Successful social customer service needs to be implemented from the top-down. Otherwise, social media customer service efforts, while meaningful, will have much less of an impact.

A recent survey from Social Media Marketing University (SMMU) delved into the specifics of negative social media comments and how businesses go about dealing with social customer service, specifically complaints. The social customer service survey collected data from 1,036 marketers, social media strategists, C-Level executives, and entrepreneurs. SMMU discovered a surprising lack of businesses actually follow through with communication to complaints on social media.

Here are some key findings from the social media customer service survey with regard to:

The impact of poor social customer service:

  • 26.1% say their brand’s reputation has been tarnished as a result of negative social media posts
  • 15.2% have lost customers from social media complaints
  • 11.4% have lost revenue due to poor social media customer service

The implications of a shift from traditional customer service to social media customer service:

  • 58.2% of brands receive customer complaints via social media occasionally
  • 10.9% receive them somewhat often
  • 4.9% receive them very often

Moreover, the majority of consumers who seek social media customer service expect a response within 1 hour. But, only 17.6% of brands strive to respond to customer complaints on social media within an hour. Further, 52.2% respond within 24 hours, and 21.4% percent rarely or never respond. Leaving us to wonder, WTF?!

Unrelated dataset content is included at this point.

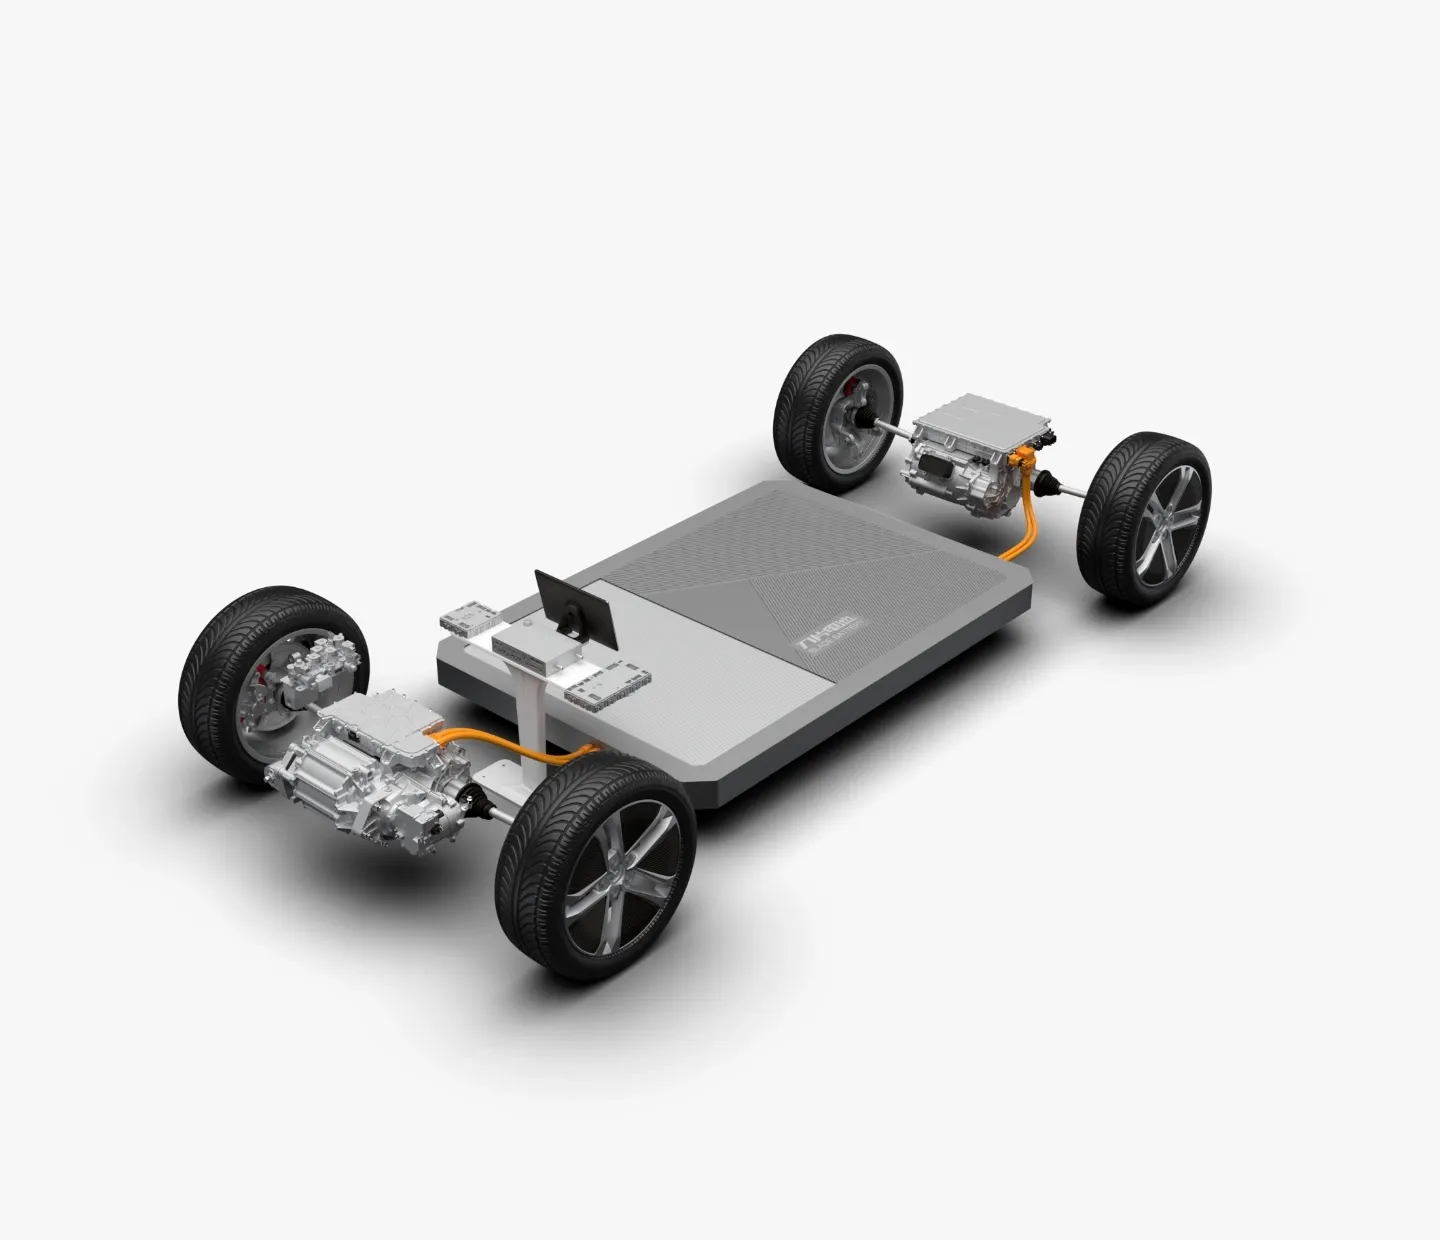 Desenho técnico 3D da plataforma e-platform 3.0 do SUV seguro BYD SEAL U

Why is it that 1/5 of brands suck at social customer service?
Part of the problem may lie in the fact that the corporate executives have not yet fully accepted that social media is evolving as more than a means to connect, but as a means to complain.

Executives need to embrace and implement social media customer service and learn that people have come to expect a swift and tact reply to customer service issues raised via Twitter, Facebook, and the like.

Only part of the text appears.